━━━ Data excerpt ━━━

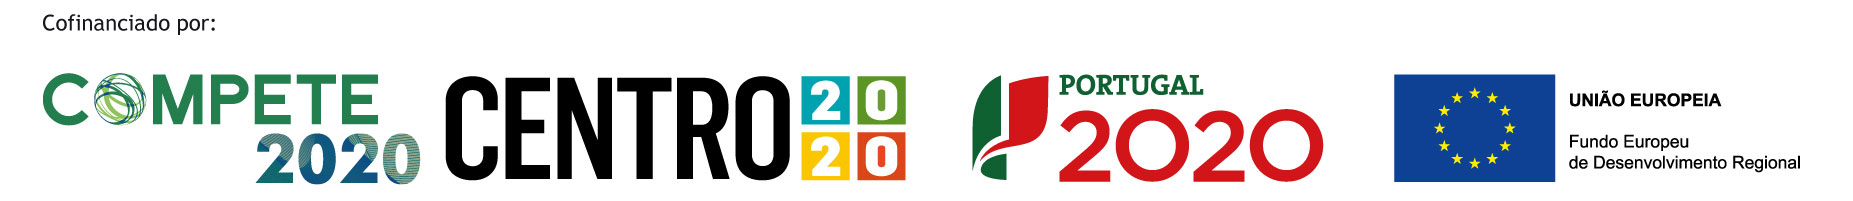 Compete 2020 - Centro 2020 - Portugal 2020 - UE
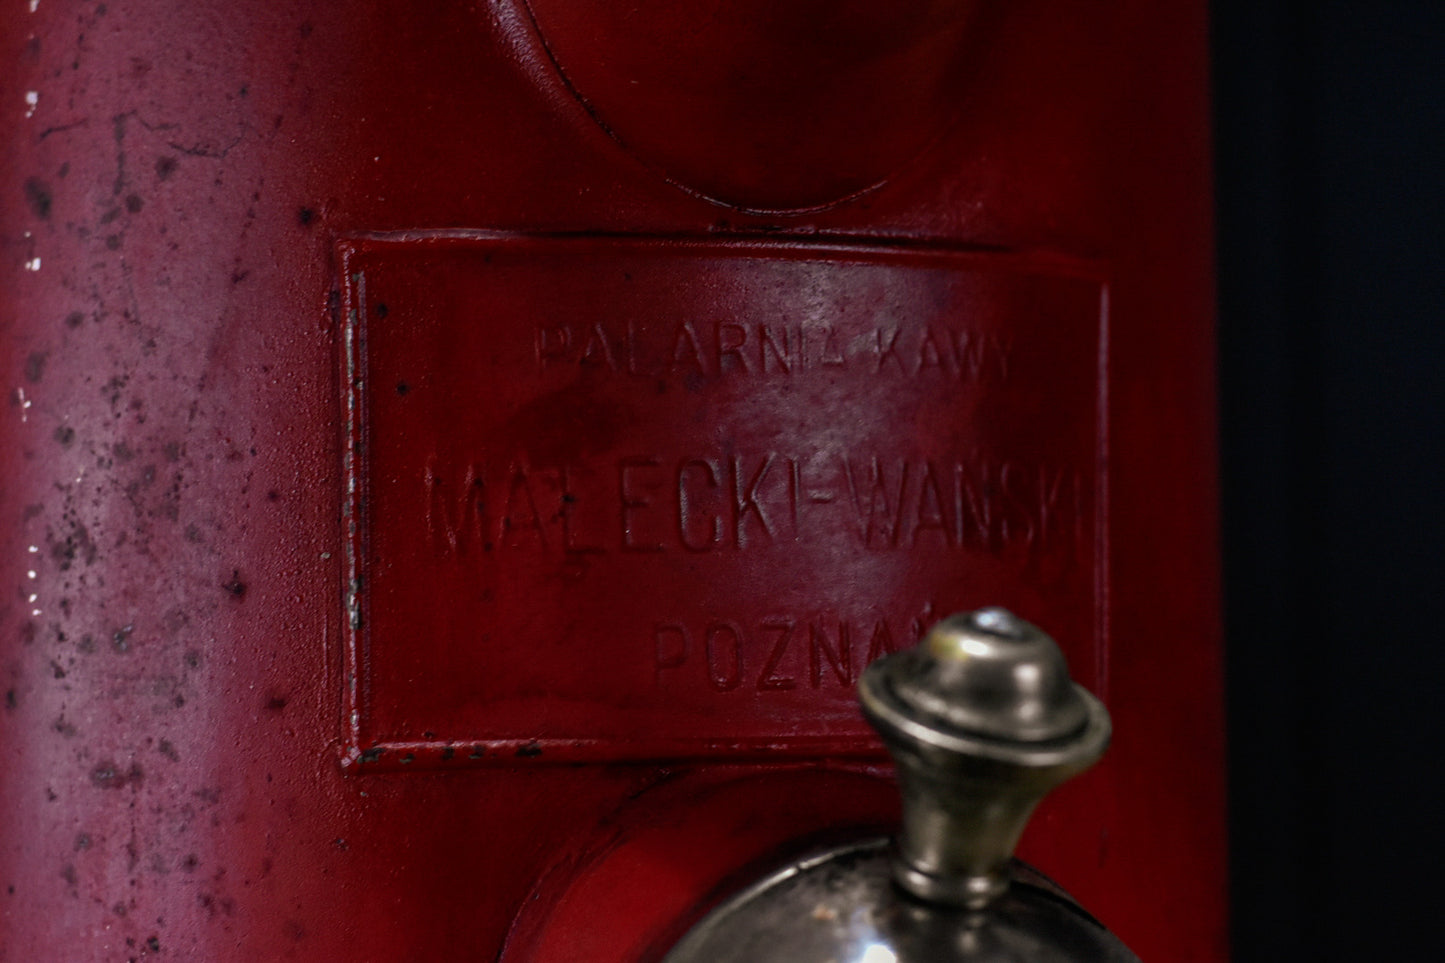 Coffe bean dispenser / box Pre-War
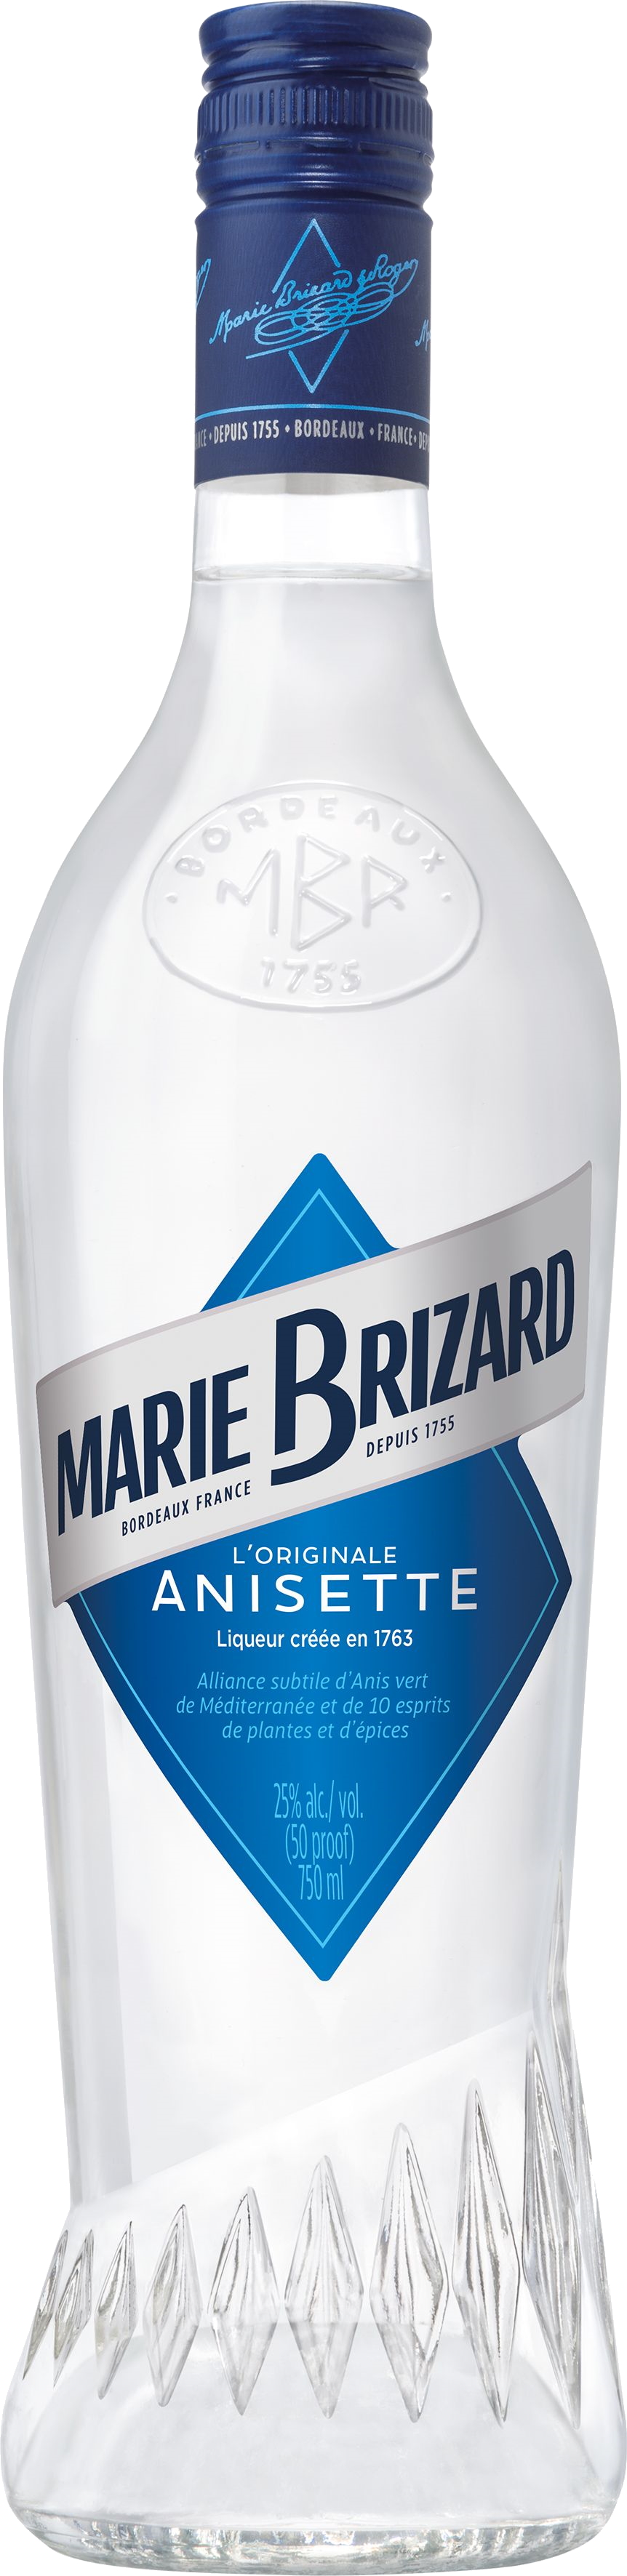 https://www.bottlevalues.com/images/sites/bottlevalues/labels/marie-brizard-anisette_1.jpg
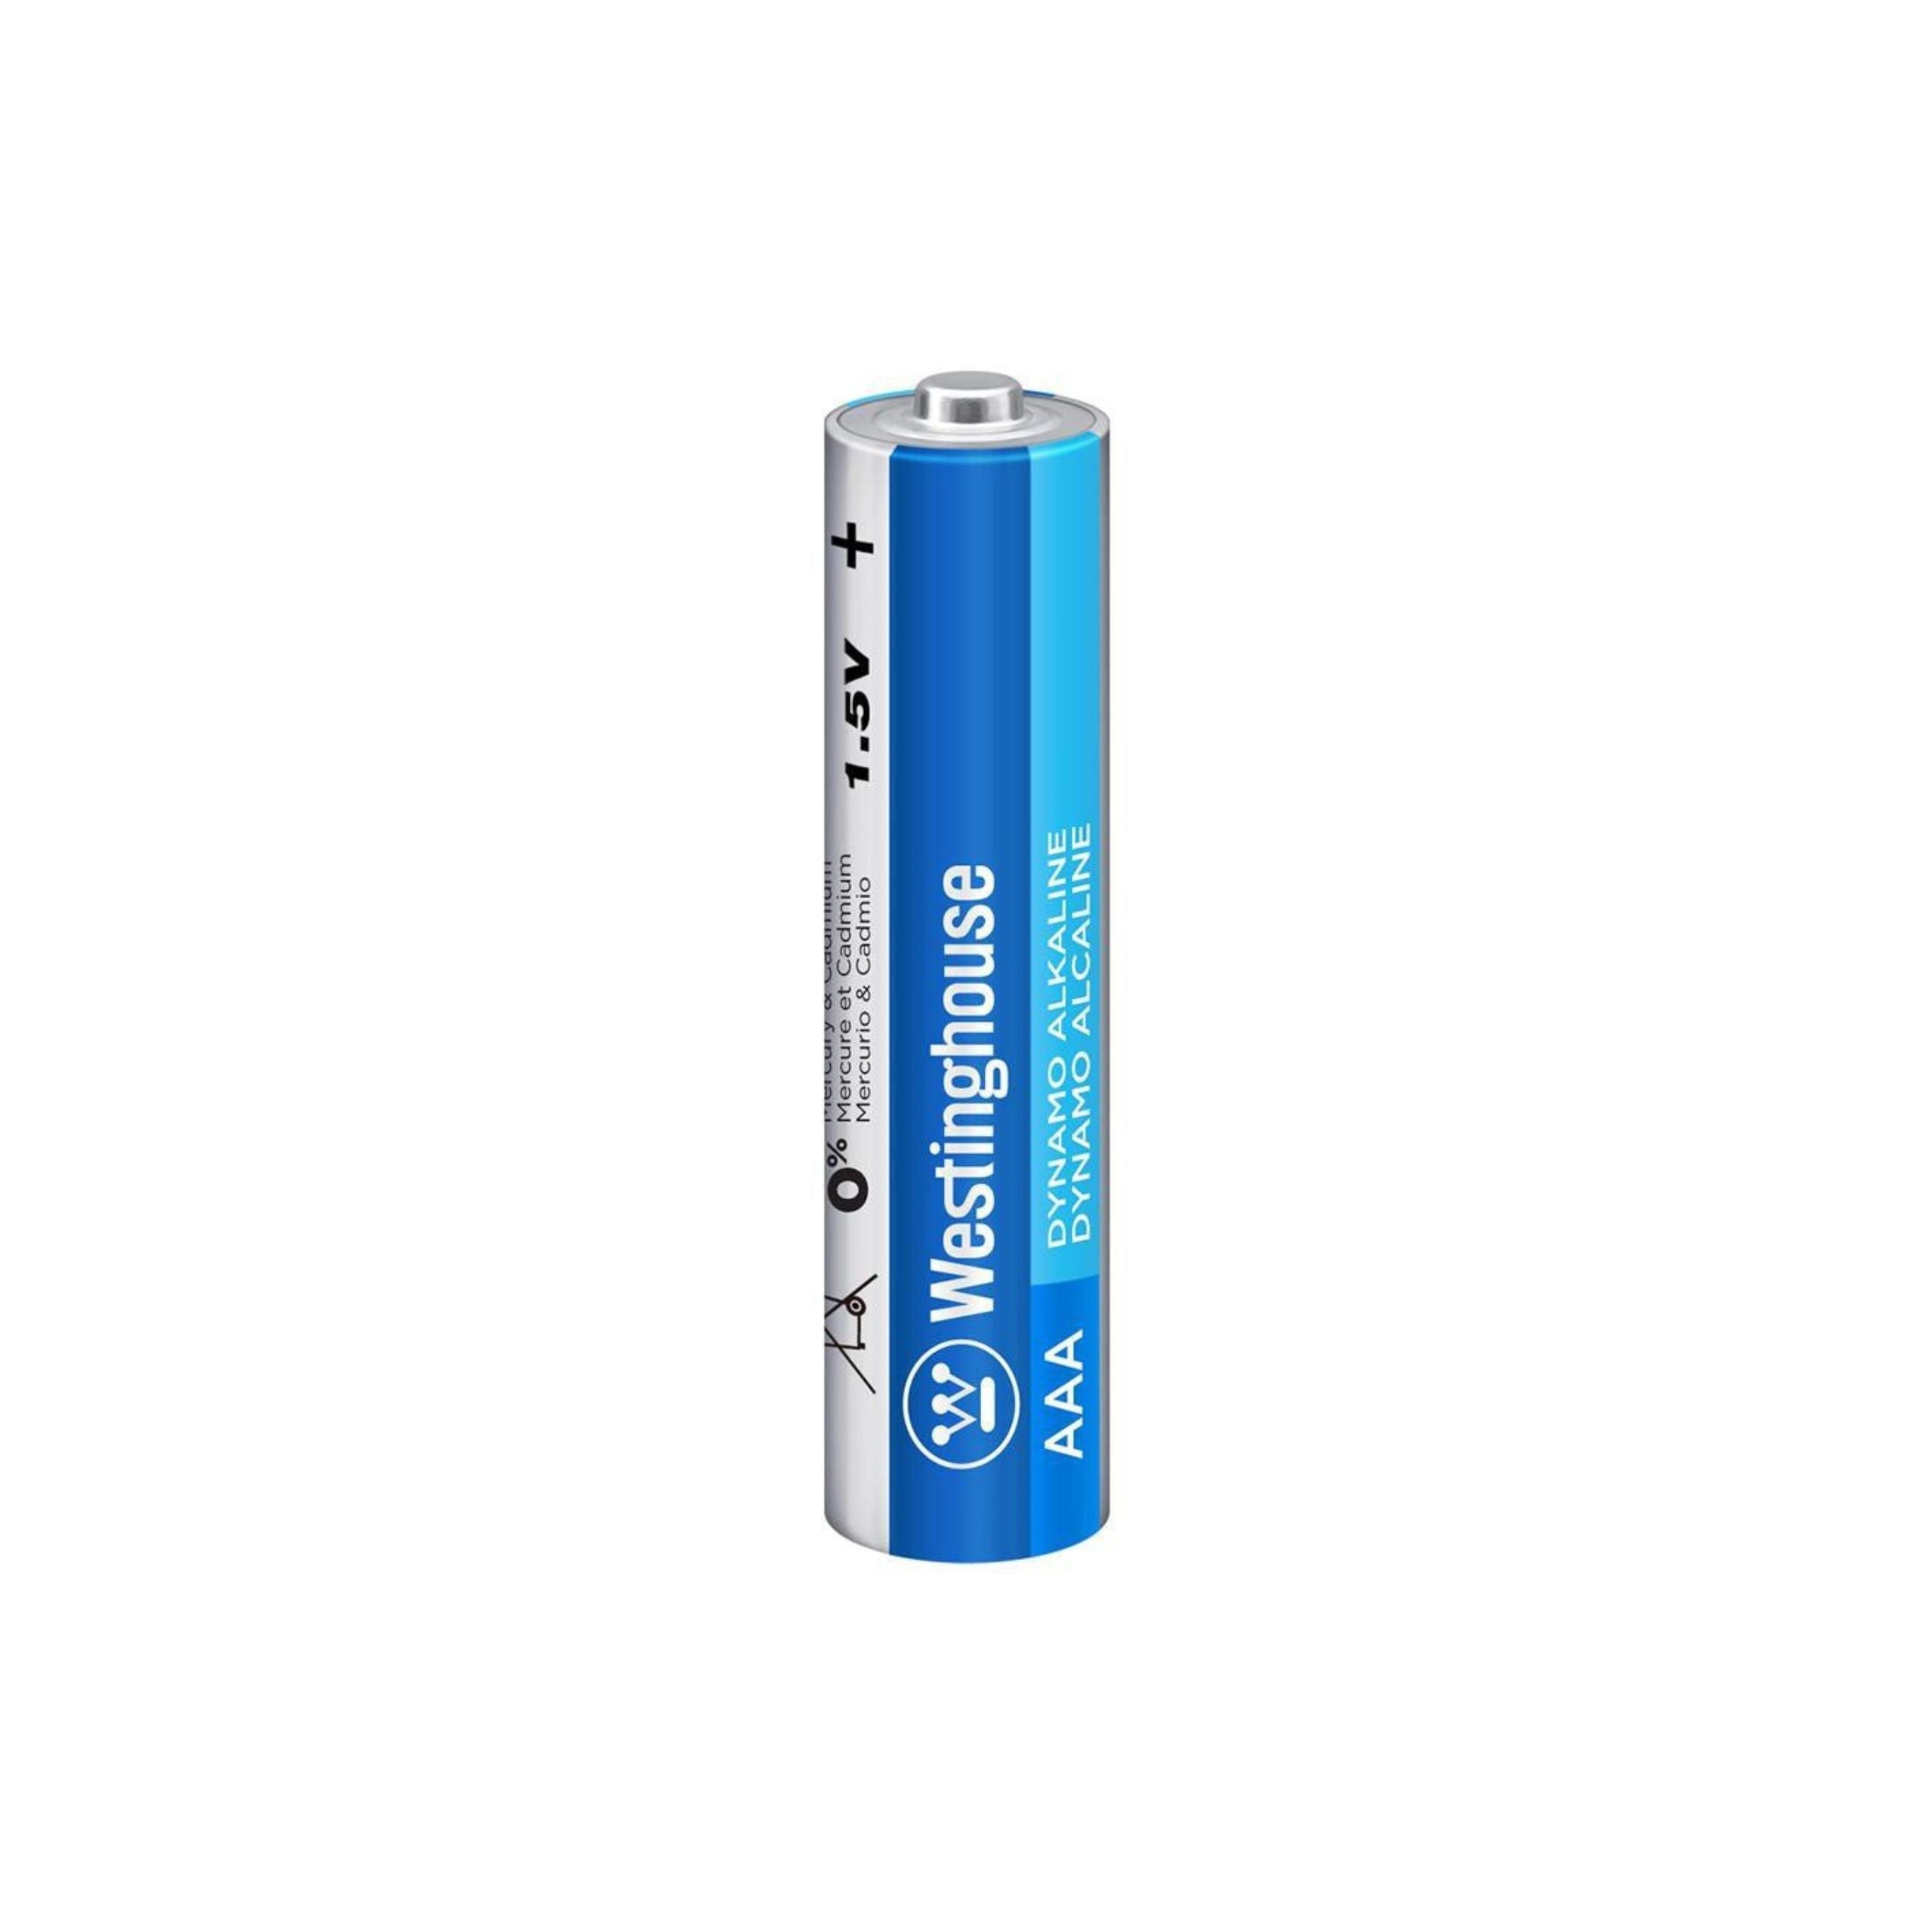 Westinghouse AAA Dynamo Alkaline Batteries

━━━

Print the whole listing exactly, please, and keep any images out of it.

 Compete 2020 - Centro 2020 - Portugal 2020 - UE
 Coffe bean dispenser / box Pre-War
 https://www.bottlevalues.com/images/sites/bottlevalues/labels/marie-brizard-anisette_1.jpg
 Westinghouse AAA Dynamo Alkaline Batteries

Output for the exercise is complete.